I figure I ask here.
What is the difference between ECU#2 and ECU#5?


----------



## bowagon (Jan 2, 2006)

*Re: Patatron.com (PrezeS-E36)*

I registered a few days ago myself and haven't even received a conformation. Maybe he is out of business?


----------



## B4S (Apr 16, 2003)

*Re: Patatron.com (bowagon)*

Nope, he's not out of business. Here is what was posted in the MkI forums:

_Quote, originally posted by *"Patatron"* »_I am still working on a better system to weed out spammers from posting porn links and such, but for now, I have to manually activate each forum account. After you sign up, send me an email at [email protected] letting me know a few details (What car you have, interest in forum, etc.) so I know you are not a spammer and have a genuine interest in the forum. I will activate your account within 24 hours (Usually same day) after I recieve the email. VWVortex.com members just need to send me a link to their profile on vortex, and sign up under the same name to be immediately activated. Patatron.com customers just need to give me their actual name as it appears on their Paypal account, and the date they ordered to be immediately activated. This is turning into a great forum, but at the same time, it is a huge chore to research each applicant, and keep up on orders at the same time, especially as of late where I have been soldering about 12+ hours a day, and my eyes are literally sore from solder fumes! So if you have started an account that is not yet active, shoot me an email so we can get you online ASAP so you can get the assistance you need, or so you can just be a part of a forum full of highly knowledgable people! I feel that the community here is sort of a "Cream of the crop" type of situation because of the strict sign-up policy, and I am proud of that. Thanks for understanding, and contributing to the Patatron.com forums!


----------



## bowagon (Jan 2, 2006)

*Re: Patatron.com (B4S)*

Didn't know that. Thanks for forwarding on the information. Would of been nice to see some reference to that on the home page of his website so people would know when registering. but hey at least we know now. http://****************.com/smile/emthup.gif


----------



## patatron (Aug 10, 2003)

*Re: Patatron.com (bowagon)*

I made a thing at the top of the forum page that explains the new sign-up process. I am sure there is a better way to do this, but it seems to be working great for now! Many new sign-ups have been activated in the past few days. Let me know if you guys have any ?'s -Pat


----------



## evil-e (Aug 15, 2005)

*Re: Patatron.com (patatron)*

Pat,
Dude, you need to get ahold of me about the rest of my order!!!!!!!!!!!!!! I got the ECU, but no harness etc.
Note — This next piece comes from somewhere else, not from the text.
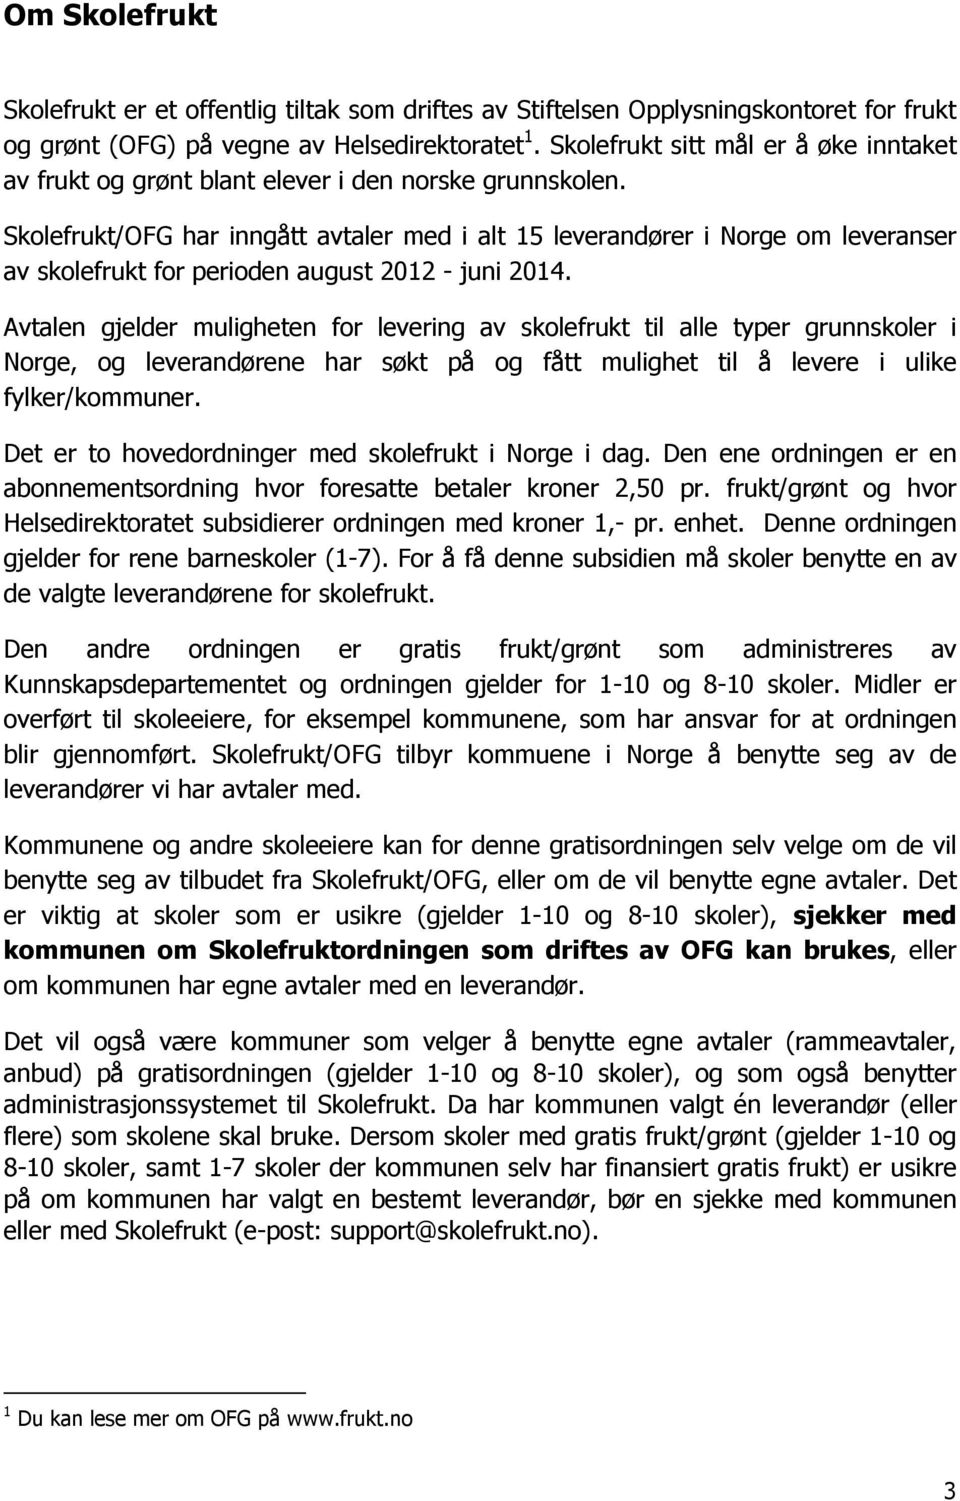 Skolefrukt/OFG har inngått avtaler med i alt 15 leverandører i Norge om leveranser av skolefrukt for perioden august 2012 - juni 2014.

I sent you a couple of emails and IM's which you replied to and had said you'd get 
the rest of it sent out the beginning of last week. I haven't heard anything back from you since 3/26 now.
*PLEASE* let me know what is up? It's coming up on 2 months since I originally ordered. I've been patient, and I know that you've been busy and had computer issues etc., but honestly I'm getting frustrated by the lack of communication. I've sent you a couple of emails and a couple of IM's.


----------



## rabbito (Jul 26, 2006)

*Re: Patatron.com (evil-e)*


_Quote, originally posted by *evil-e* »_Pat,
Dude, you need to get ahold of me about the rest of my order!!!!!!!!!!!!!! I got the ECU, but no harness etc. I sent you a couple of emails and IM's which you replied to and had said you'd get 
the rest of it sent out the beginning of last week. I haven't heard anything back from you since 3/26 now.
*PLEASE* let me know what is up? It's coming up on 2 months since I originally ordered. I've been patient, and I know that you've been busy and had computer issues etc., but honestly I'm getting frustrated by the lack of communication. I've sent you a couple of emails and a couple of IM's.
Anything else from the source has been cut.